結論 本件審判の請求は、成り立たない。 
理由 第1 手続の経緯

本願は、2001(平成13)年7月2日を国際出願日とする出願であって、平成19年10月12日付け拒絶理由通知に対して平成20年2月22日付けで手続補正がなされ、同年3月13日付け拒絶理由通知に対して同年7月18日付けで手続補正がなされたが、同年11月18日付けで補正却下の決定がなされると共に、同日付けで拒絶査定がなされたのに対し、平成21年2月23日付けで拒絶査定不服審判が請求され、同年3月25日付けで手続補正がなされたものである。
なお、平成23年2月23日付けで審尋がなされたが、当該審尋で指定された期間内に回答書は提出されていない。
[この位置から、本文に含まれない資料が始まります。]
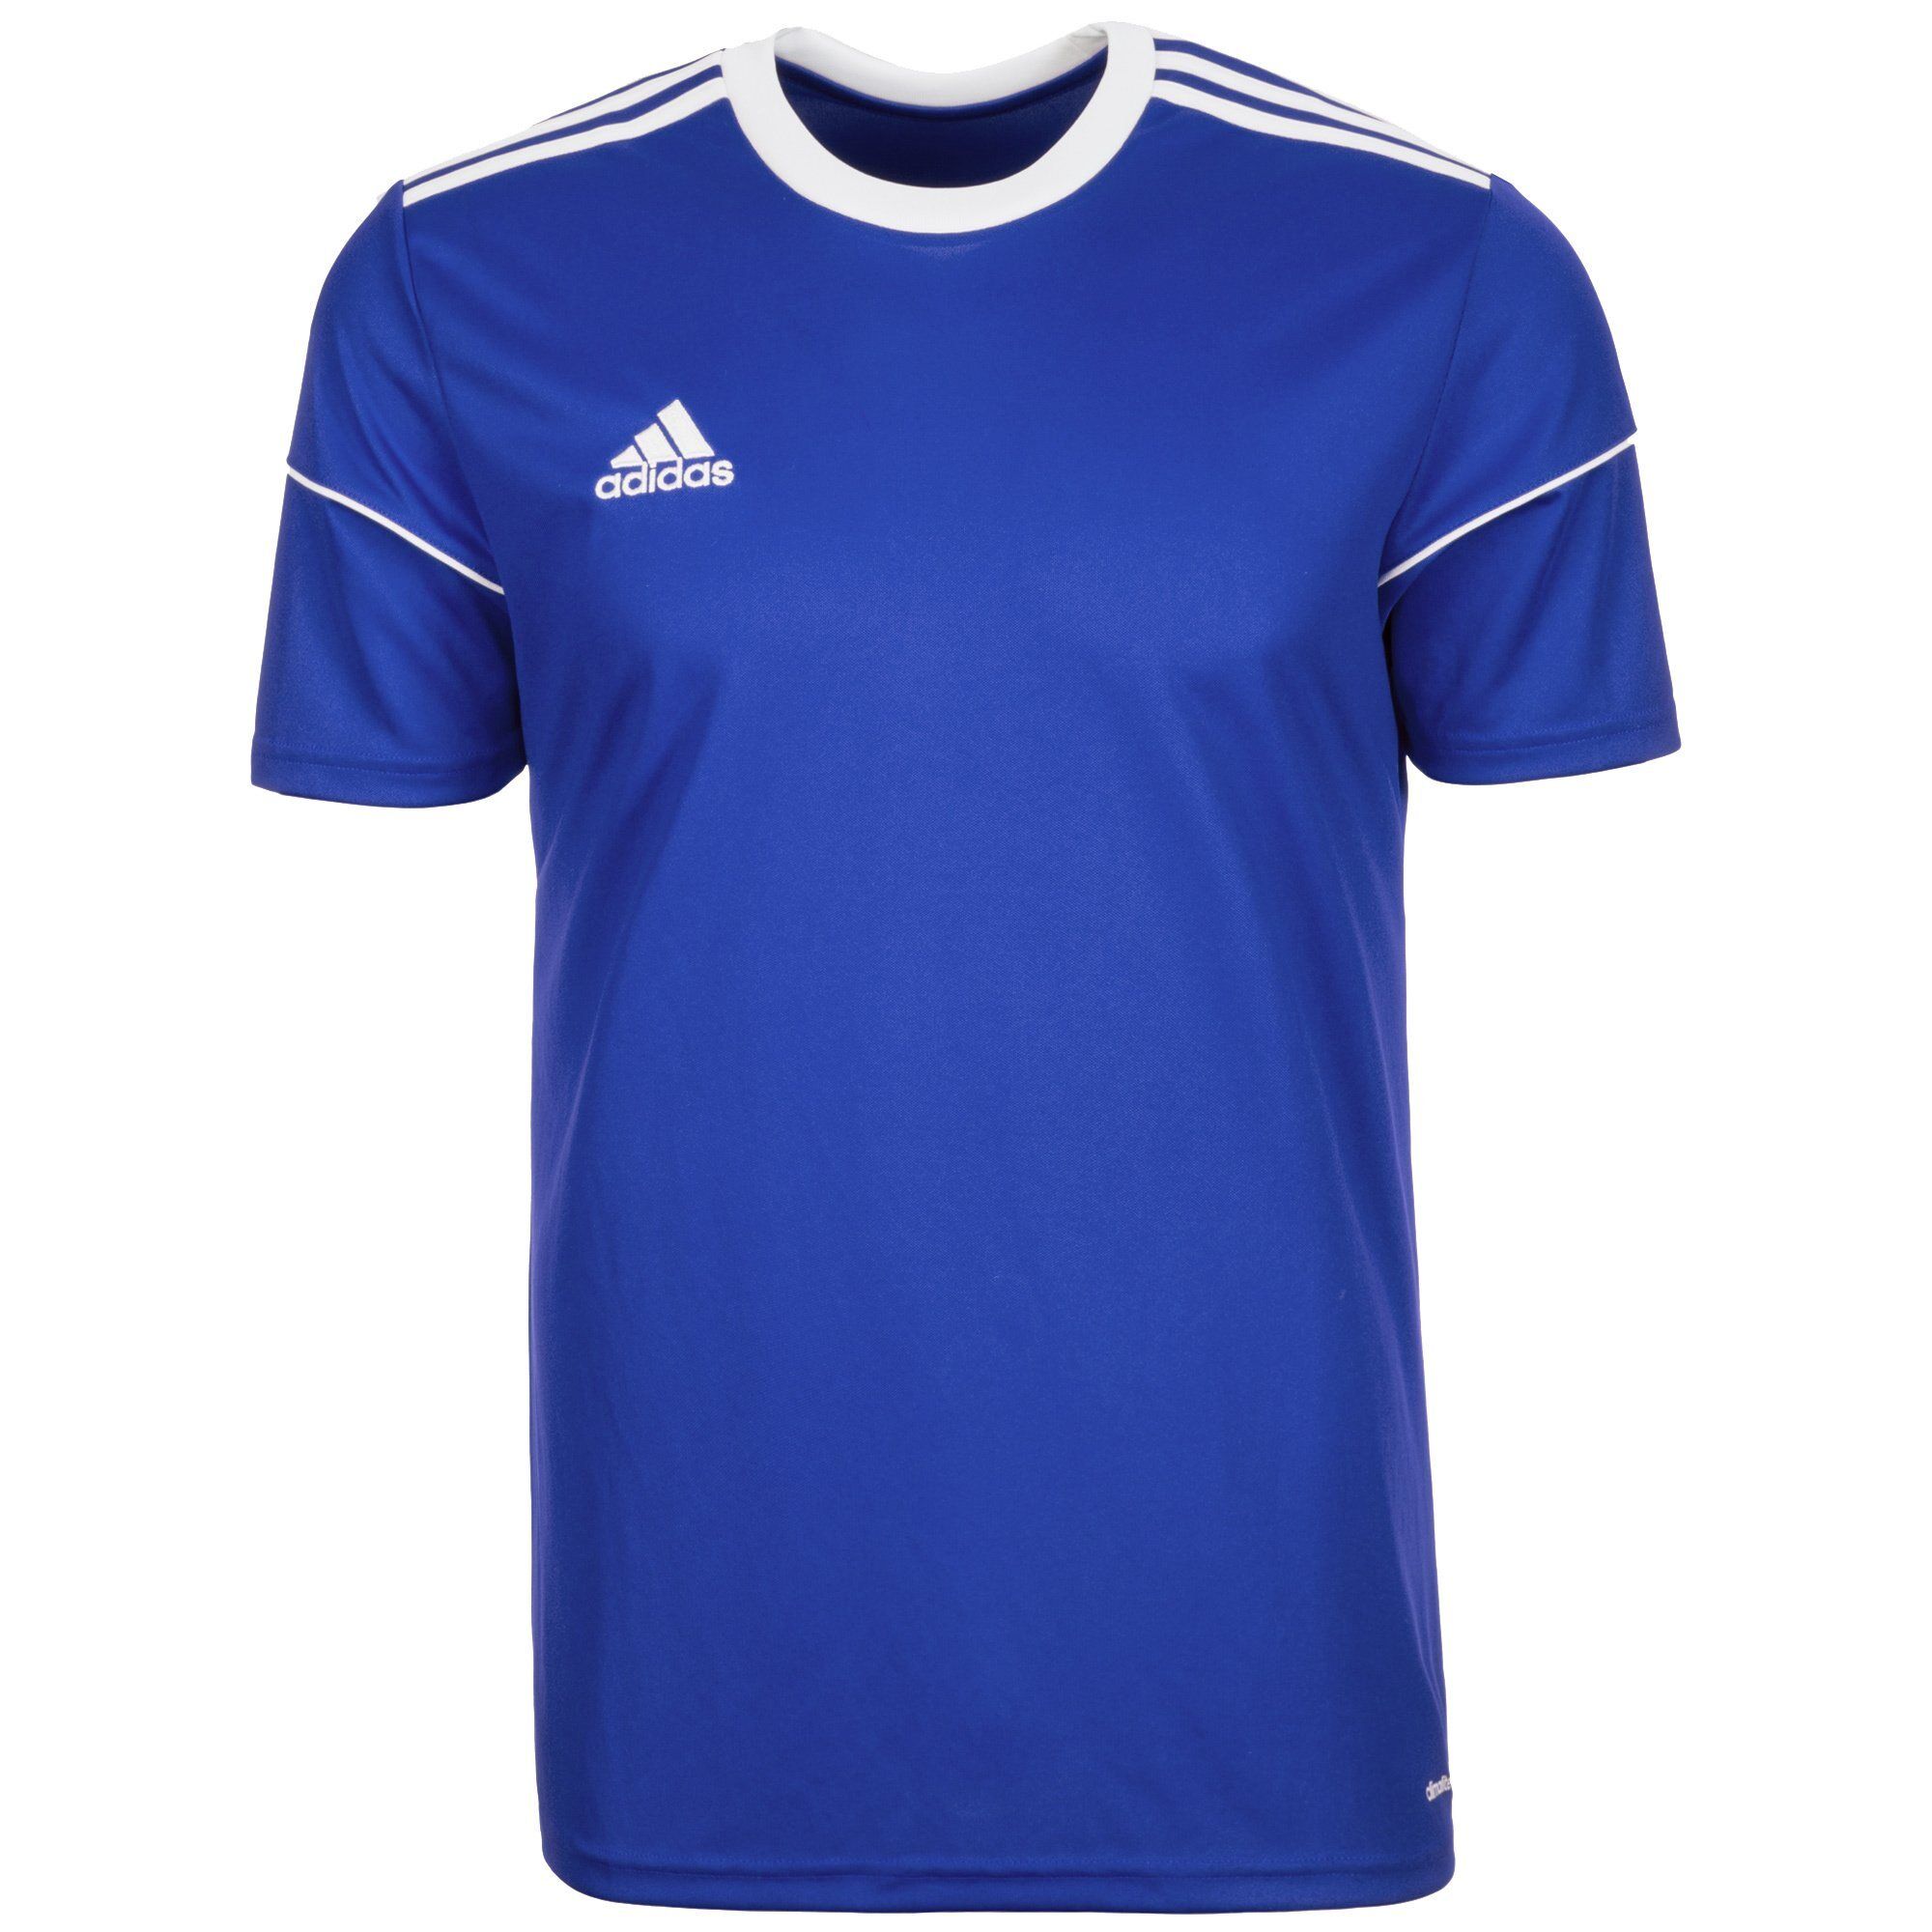 Adidas Performance Fußballtrikot »Squadra 17«, blau-weiß

第2 平成21年3月25日付けの手続補正についての補正却下の決定

[補正却下の決定の結論]
平成21年3月25日付けの手続補正を却下する。

[理由]
1.補正後の本願発明
平成21年3月25日付けの手続補正のうち、特許請求の範囲の請求項1についての補正事項(以下、「本件補正」という。)は、同請求項について、補正前(平成20年2月22日付け手続補正書参照)に

「【請求項1】
腫瘍細胞のアポトーシスを阻害するためのヘッジホッグ/スムーズンド信号伝達を使用して腫瘍を治療する製薬組成物であって、前記組成物は、
ヘッジホッグ/スムーズンド信号伝達を特異的に阻害するシクロパミン又はその誘導体を含み、
前記製薬組成物は、シクロパミン又はその誘導体を十分な量にて含み、かつ前記腫瘍細胞のアポトーシスを誘導するとともに同腫瘍の大きさを低減させるか又は同腫瘍を消失するのに十分な量にて投与されるものである、製薬組成物。」

とあったものを、

「【請求項1】
腫瘍細胞のアポトーシスを阻害するためにヘッジホッグ/スムーズンド信号を使用する腫瘍を治療する製薬組成物であって、前記組成物は、
シクロパミン若しくはその製薬的に許容される塩を含み、
前記シクロパミン若しくは前記塩は、前記腫瘍細胞のアポトーシスを誘導するとともに同腫瘍の治療前の大きさを低減させるか又は同腫瘍を消失させるのに十分な用量である、製薬組成物。」
(以下、「本願補正発明」という。また、下線は補正箇所を示す。)

と補正しようとするものである。

2.補正の目的
(1)本件補正のうち、「腫瘍細胞のアポトーシスを阻害するためのヘッジホッグ/スムーズンド信号伝達を使用して腫瘍を治療する」を、「腫瘍細胞のアポトーシスを阻害するためにヘッジホッグ/スムーズンド信号を使用する腫瘍を治療する」とする点は、誤記の訂正を目的とするものである。
すなわち、本願の願書に最初に添付した明細書の段落番号【0001】には、
「BCC(当審注:基底細胞癌)と、増殖のため、及びアポトーシスの防止のためのヘッジホッグ/smoothenedシグナル信号伝達経路を使用する他の腫瘍との治療において、シクロパミンの使用が、非常に望ましいものとなった。」
と記載されているから、BCCを含む特定の腫瘍が「アポトーシスを阻害するためにヘッジホッグ/スムーズンド信号を使用する」ものであることは明らかである。したがって、「信号伝達を使用して腫瘍を治療する」とした点は誤記であり、上記補正事項はその訂正を目的とするものである。
また、本件補正のうち「消失する」を「消失させる」とする点も、明らかに、誤記の訂正を目的とするものである。
さらに、本件補正のうち「治療前の」を挿入する点は、平成20年3月13日付け拒絶理由通知において、補正前の請求項1の「腫瘍の大きさを低減させる」という構成が、先行技術文献の記載事項と区別できないと指摘されたことに対して、不明りょうな記載の釈明を目的とするものである。また、本件補正のうち「量」を「用量」とする点も、不明りょうな記載の釈明を目的とするものといえる。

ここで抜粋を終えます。